The model (Figure 2—figure supplement 1A) consists of one convolutional layer with 128 hidden units and a kernel size of 10, followed by global average pooling and two dense layers with 128 and 2 nodes, respectively. Batch normalization and dropout (0.1) were applied after each layer. The ReLU activation function (Agarap, 2019) was used in all layers except the final layer, in which a sigmoid activation function was used to predict the variability class (low or high adjusted dispersion).
Promoter sequences from chromosomes 2 and 3 were used as the test set and those from the remaining chromosomes were used for training and hyperparameter tuning with a fivefold cross-validation. Hyperparameters were manually adjusted to yield the best performance on the validation set. The neural network model was implemented and trained in Keras (version 2.3.0, https://github.com/keras-team/kera Chollet, 2022) with TensorFlow backend (version 1.14) (Abadi et al., 2016) using the Adam optimizer (Kingma and Ba, 2017) with a learning rate of 0.0001, batch size of 64, and early stopping with the patience of 15 epochs.
We initially used the first and third quartiles (Q1 and Q3) to distinguish low variable promoters (≤Q1) from highly variable promoters (>Q3), corresponding to an adjusted log10-transformed CV2 of –0.1490 and 0.1922, respectively. To reduce false positives, we slightly adjusted the thresholds for low and highly variable promoters to –0.20 and 0.25, respectively. The final training and test sets for the neural network model together consisted of 5054 low variable and 5683 highly variable promoters. To ensure consistency, the same thresholds were used for training and testing with Random Forest and decision tree classifiers (see below).
Motif discovery using DeepLIFT and TF–MoDISco
Request a detailed protocolTo interpret the neural network model we used DeepLIFT (Shrikumar et al., 2019), a feature attribution method, to compute importance scores for each nucleotide in the 600 bp input sequences for low and highly variable promoters. DeepLIFT relies on backpropagation of the contributions of all neurons in the neural network to the input features, nucleotides, and was used to estimate the importance of each position and nucleotide in the input sequences to predict high and low variability. The resulting importance scores were supplied to TF-MoDISco (Transcription Factor Motif Discovery from Importance Scores) (Shrikumar, 2020) to identify DNA stretches (seqlets) with high importance for the predictions. DeepLIFT and TF-MoDISco were run independently on the input sequences for low variable and highly variable promoters. TF-MoDISco identified 18,035 seqlets for low variable promoters and 21,942 seqlets for highly variable promoters by using the importance scores from DeepLIFT over a width of 15 bp with a flank size of 5 bp and a FDR threshold of 0.05. The seqlets identified were merged in 41 and 47 metaclusters for low and highly variable promoters, respectively.
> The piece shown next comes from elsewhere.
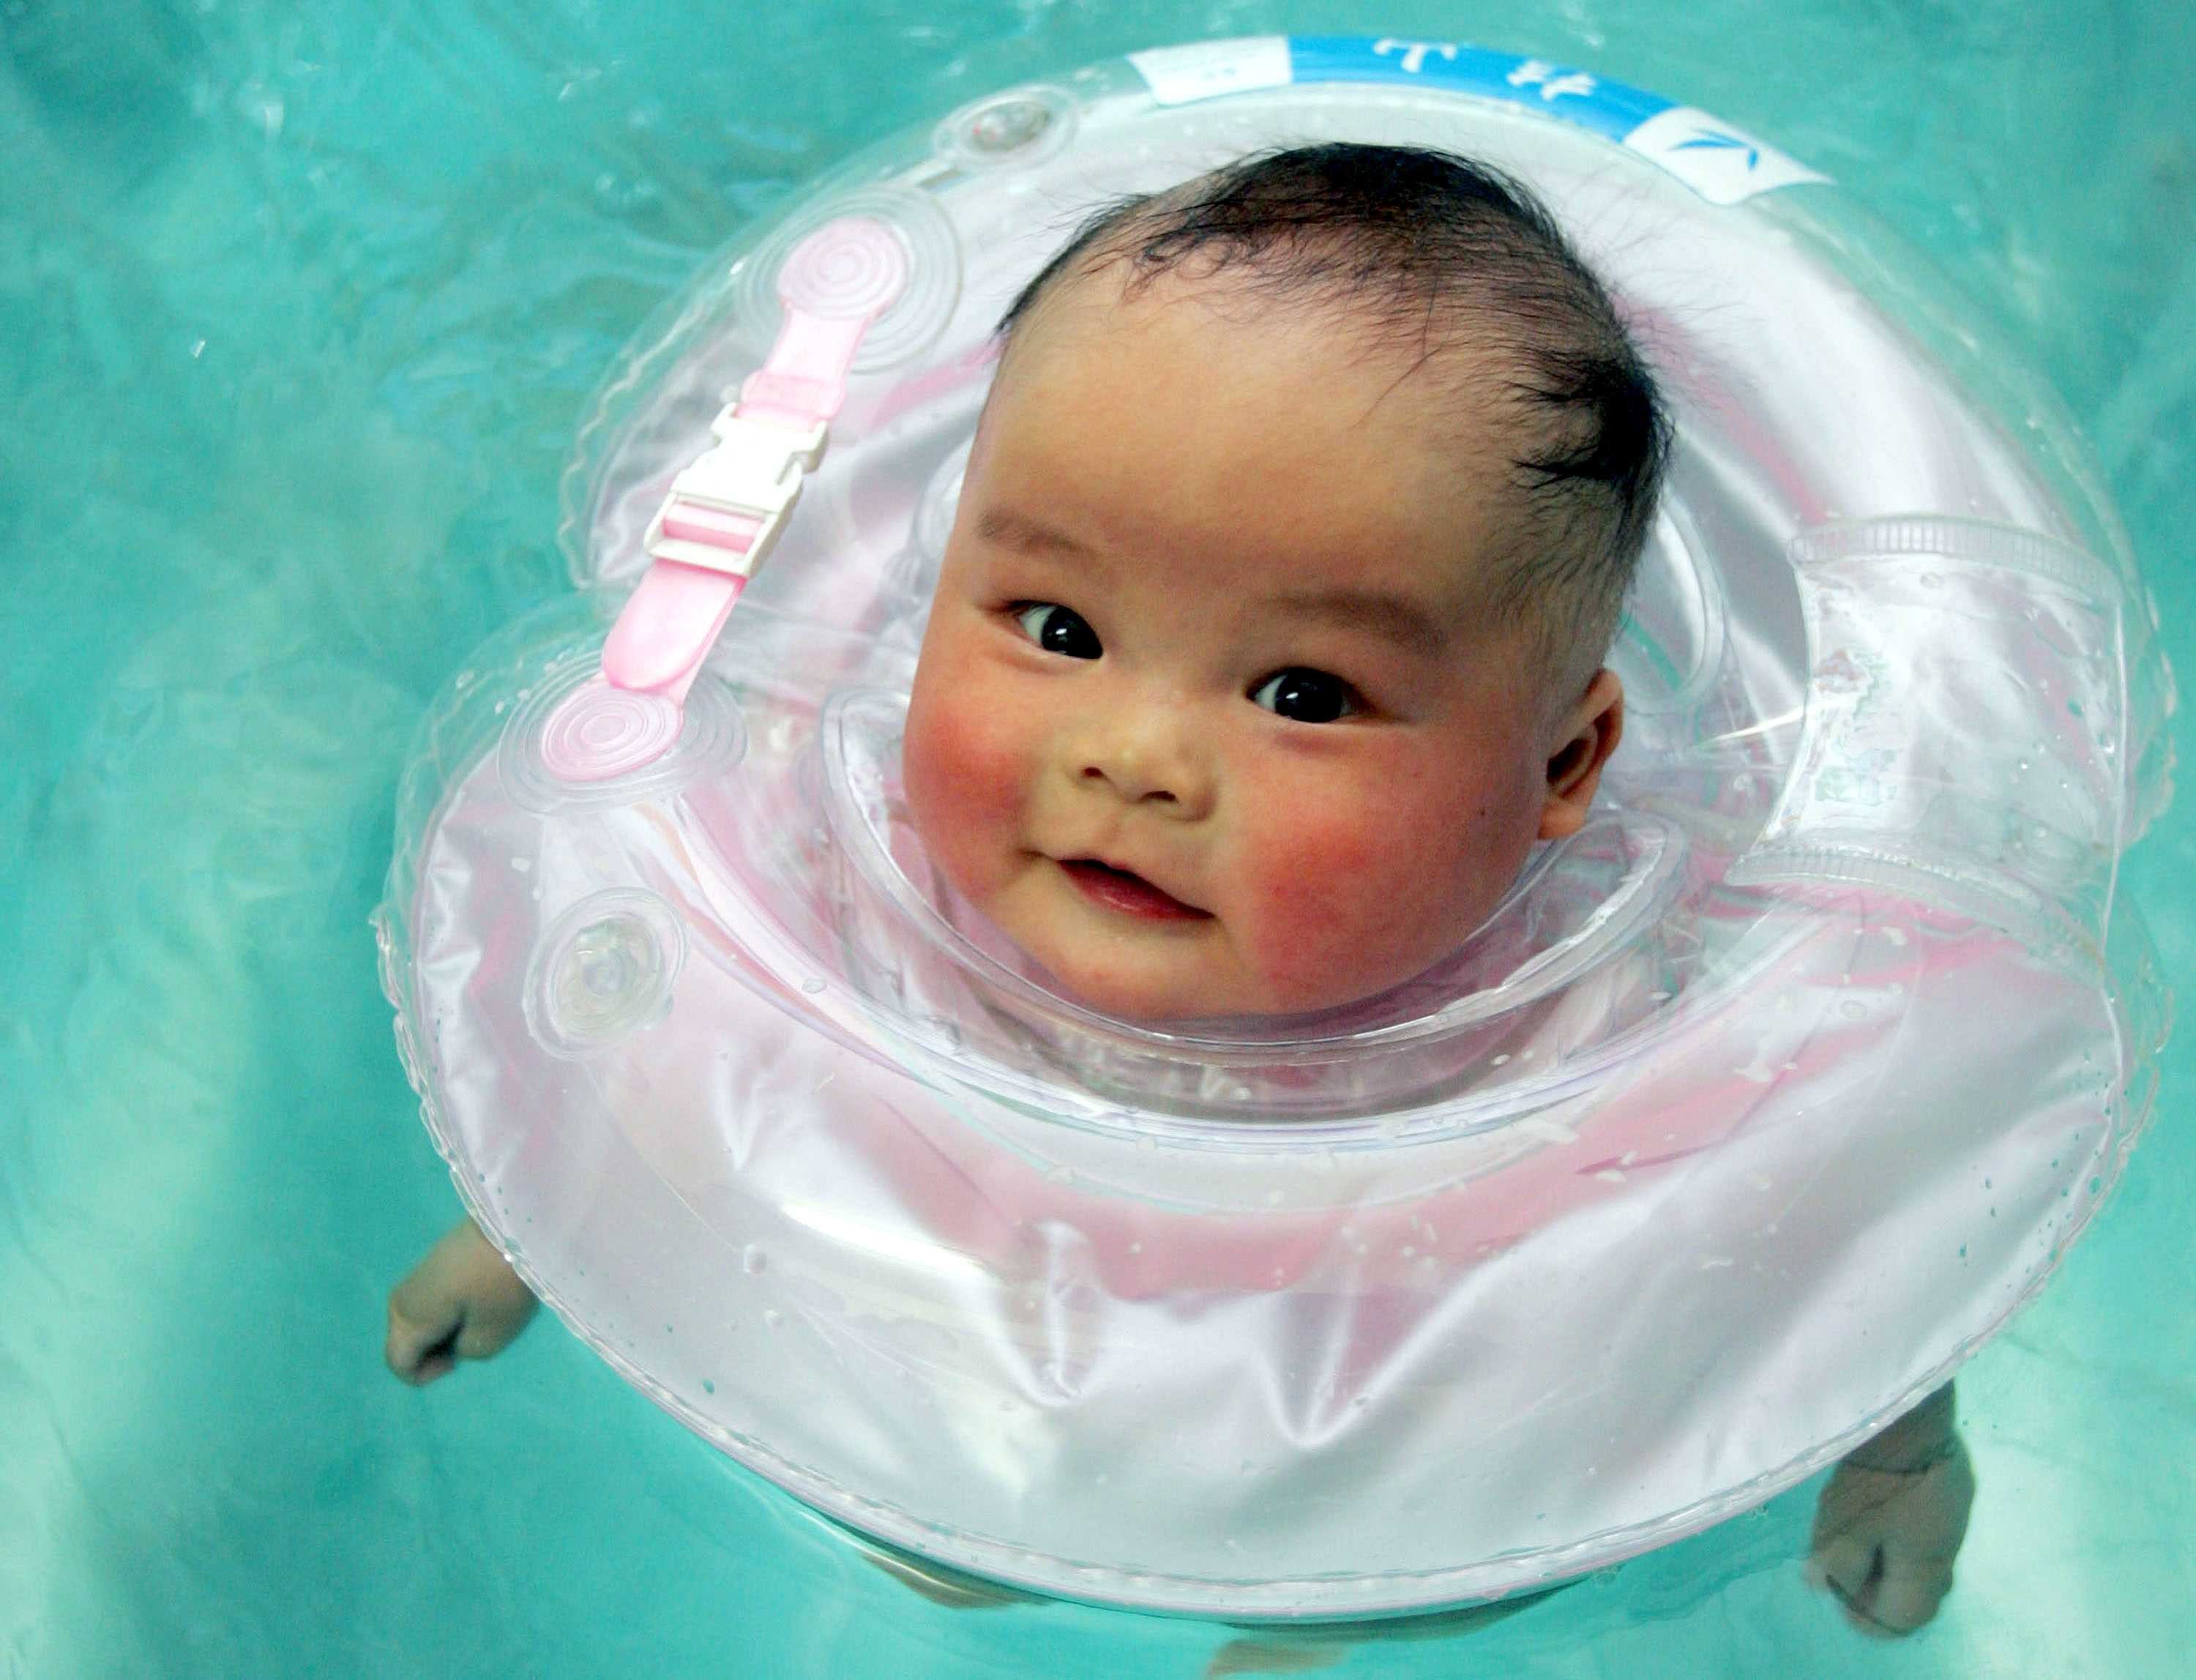 UPDATED: Those popular baby neck floats are 'potential death traps'
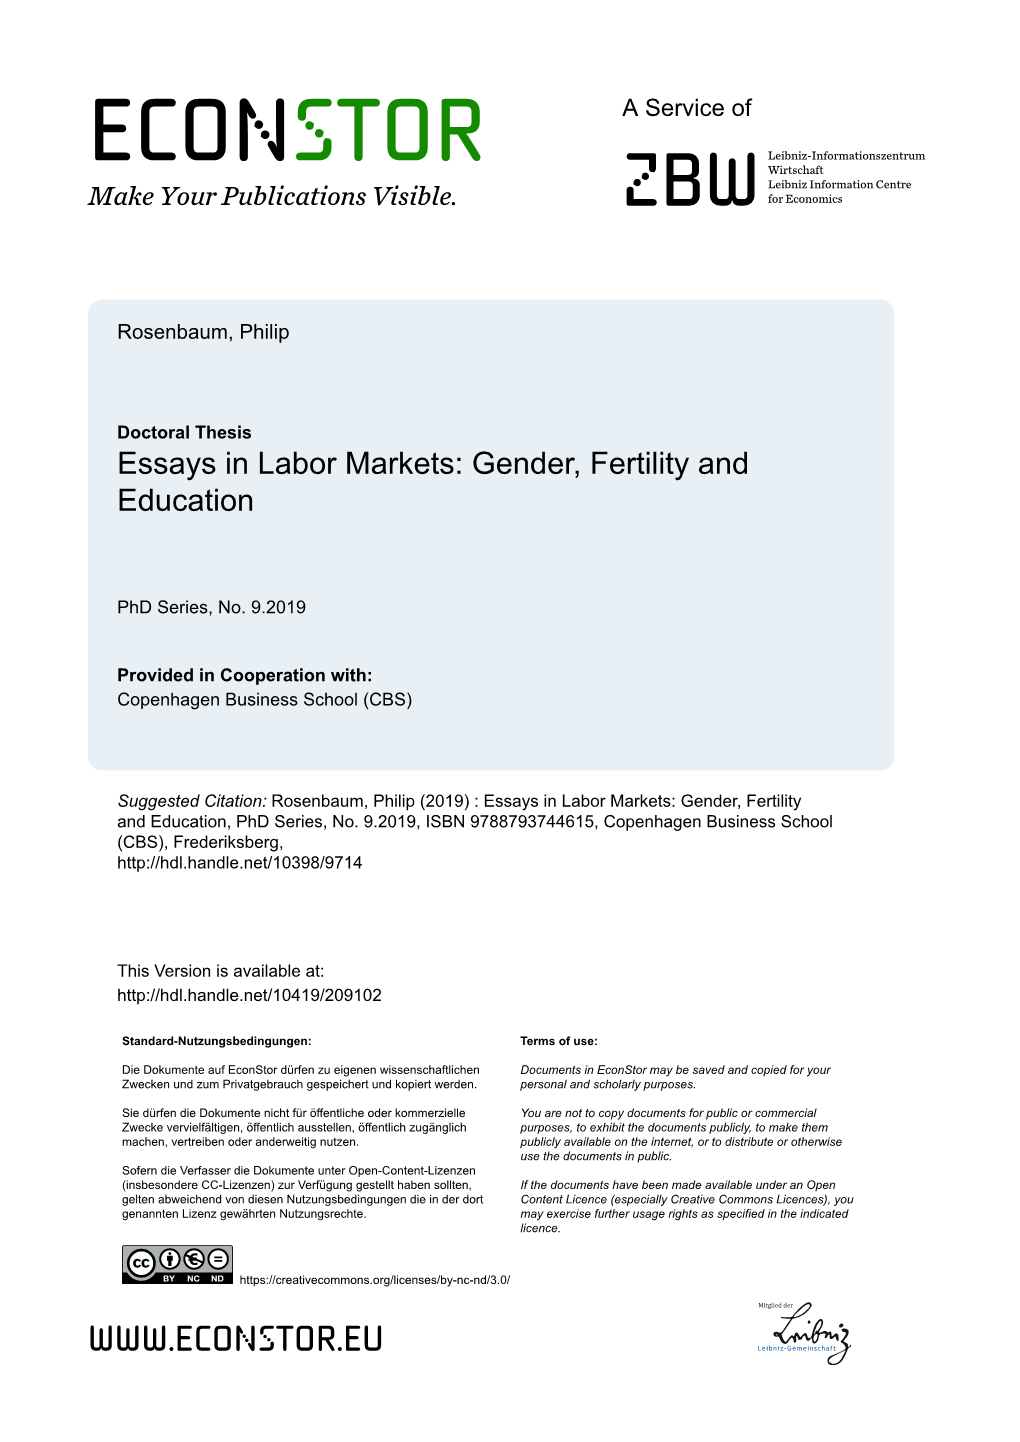 Essays in Labor Markets: Gender, Fertility and Education

We used Tomtom (MEME package 5.1.1; Gupta et al., 2007) to match the resulting metaclusters to known TF motifs (in MEME format) from the JASPAR database (release 2020, hg38; Fornes et al., 2020). We compared each non-redundant JASPAR vertebrate frequency matrix with the metaclusters using Tomtom based on the Sandelin and Wasserman distance (Sandelin and Wasserman, 2004). Matches were considered those with a minimum overlap between query and target of 5 nucleotides and a p-value <0.05.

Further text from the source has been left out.